FP8 support on H100

with H100 supporting FP8, is there any plan to support FP8 training in pytorch?
Looks like the only alternative is to use FP8 through nvidia transformer engine. Even transformer engine doesn’t support all nn modules like conv layers for FP8 support.

@drisspg has been working on this

@marksaroufim is there a timeline for the feature to be available?

Hey @navmarri we actually have landed some fp8 primitives already in PyTorch. Specifically we have landed fp8e4m3 and fp8e5m2 datatypes and a private function (with no BC/FC guarantees) for doing scaled matmul on h100 machines.

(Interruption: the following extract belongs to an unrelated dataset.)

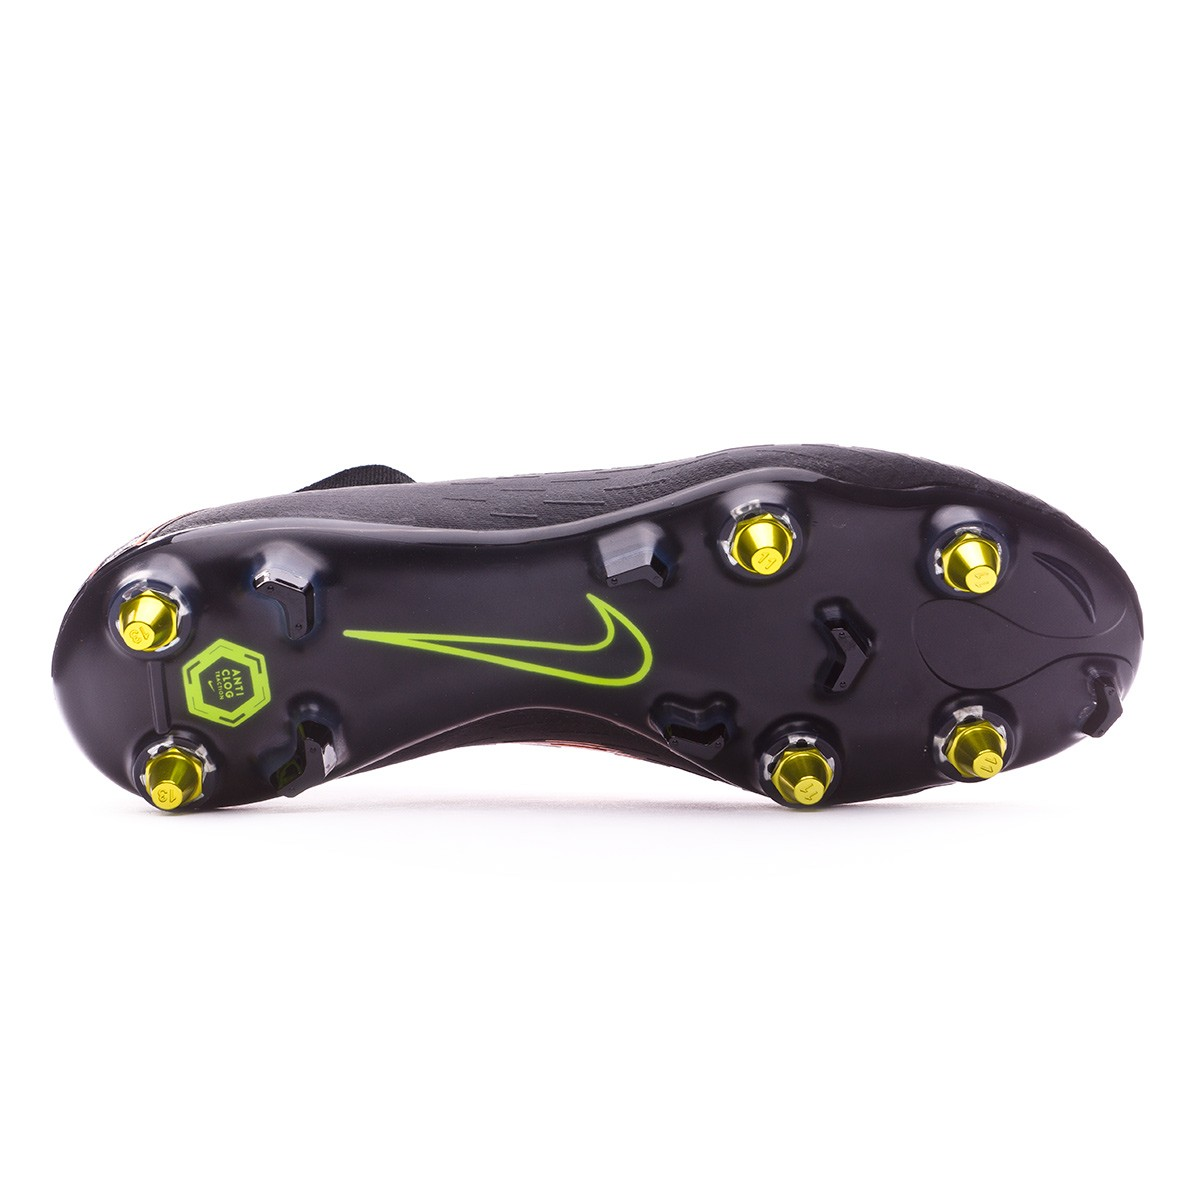 ccaaf71d47148 Chuteira Nike Mercurial Superfly VI Elite SG-Pro Anti-Clog Black-Total  orange-White - Loja de futebol Fútbol Emotion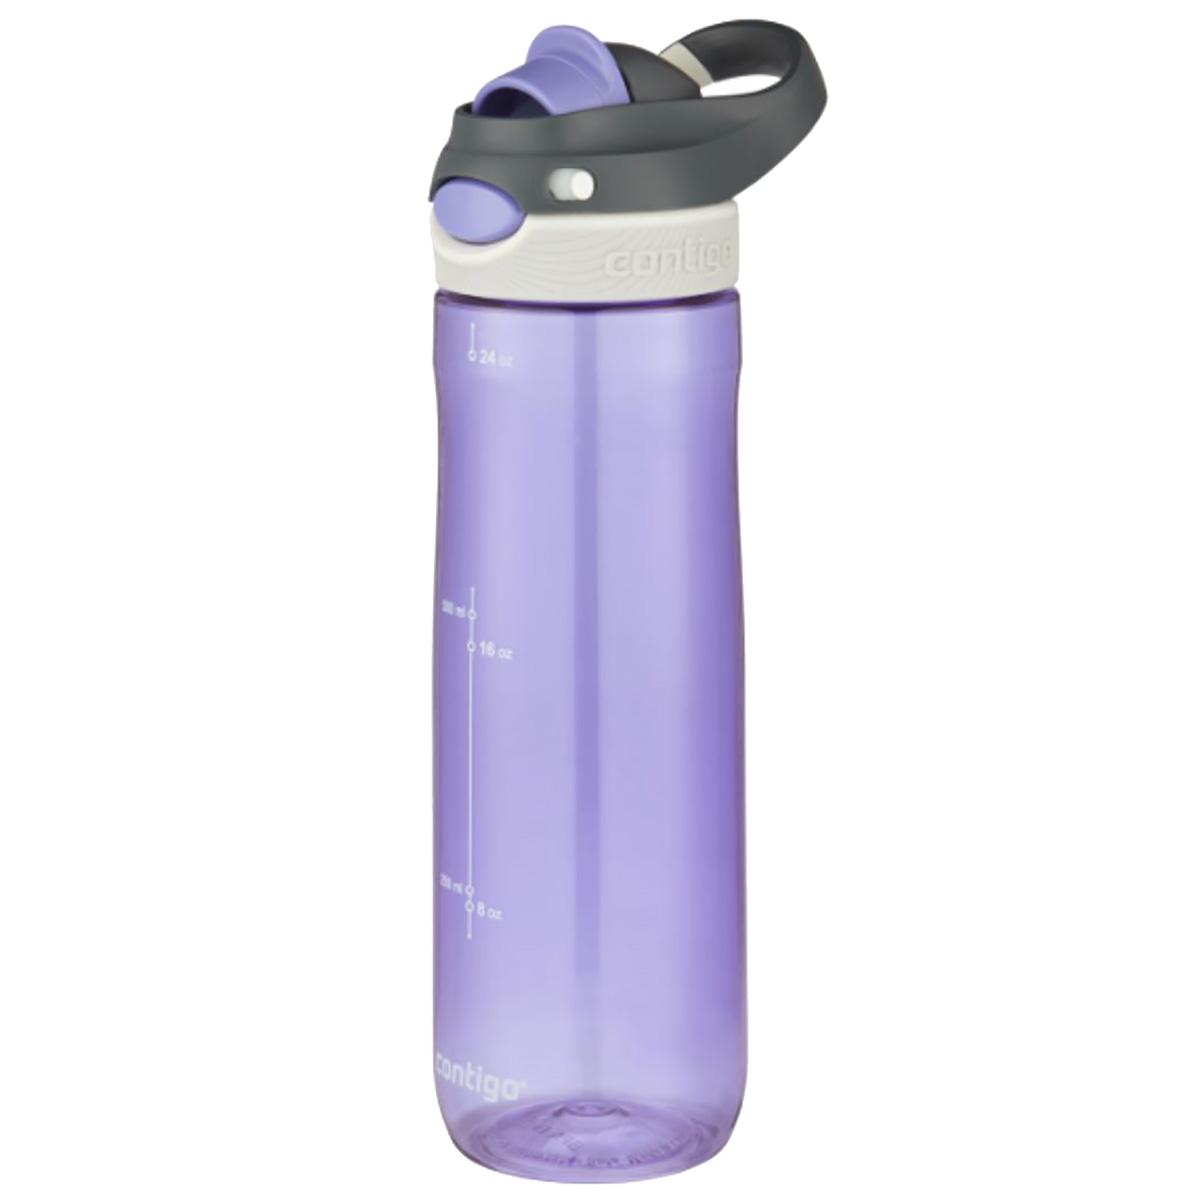 Contigo-24-oz-Chug-Autospout-Leak-Proof-Water-Bottle miniatuur 4

For a quick example script of how you can use it, check out:

@drisspg awesome!
does this work with FP8 precision training using FSDP on H100s?

As I know (and also be mentioned in Nvidia/TransformerEngine)
RTX 4000 series (compute capibility 8.9) should also support FP8 computing.
Does pytorch support that too?
or for now it is only for H100 and need further works for sm8.9 cards?

Is the mixed precision support planned for FP8?

There was an announcement in JAN in the dev forum:

TransformerEngine supports FP8 for a long time now. Alternatively you can also play around with pytorch-labs/float8_experimental.

Thanks, my point was more related to pytorch AMP support.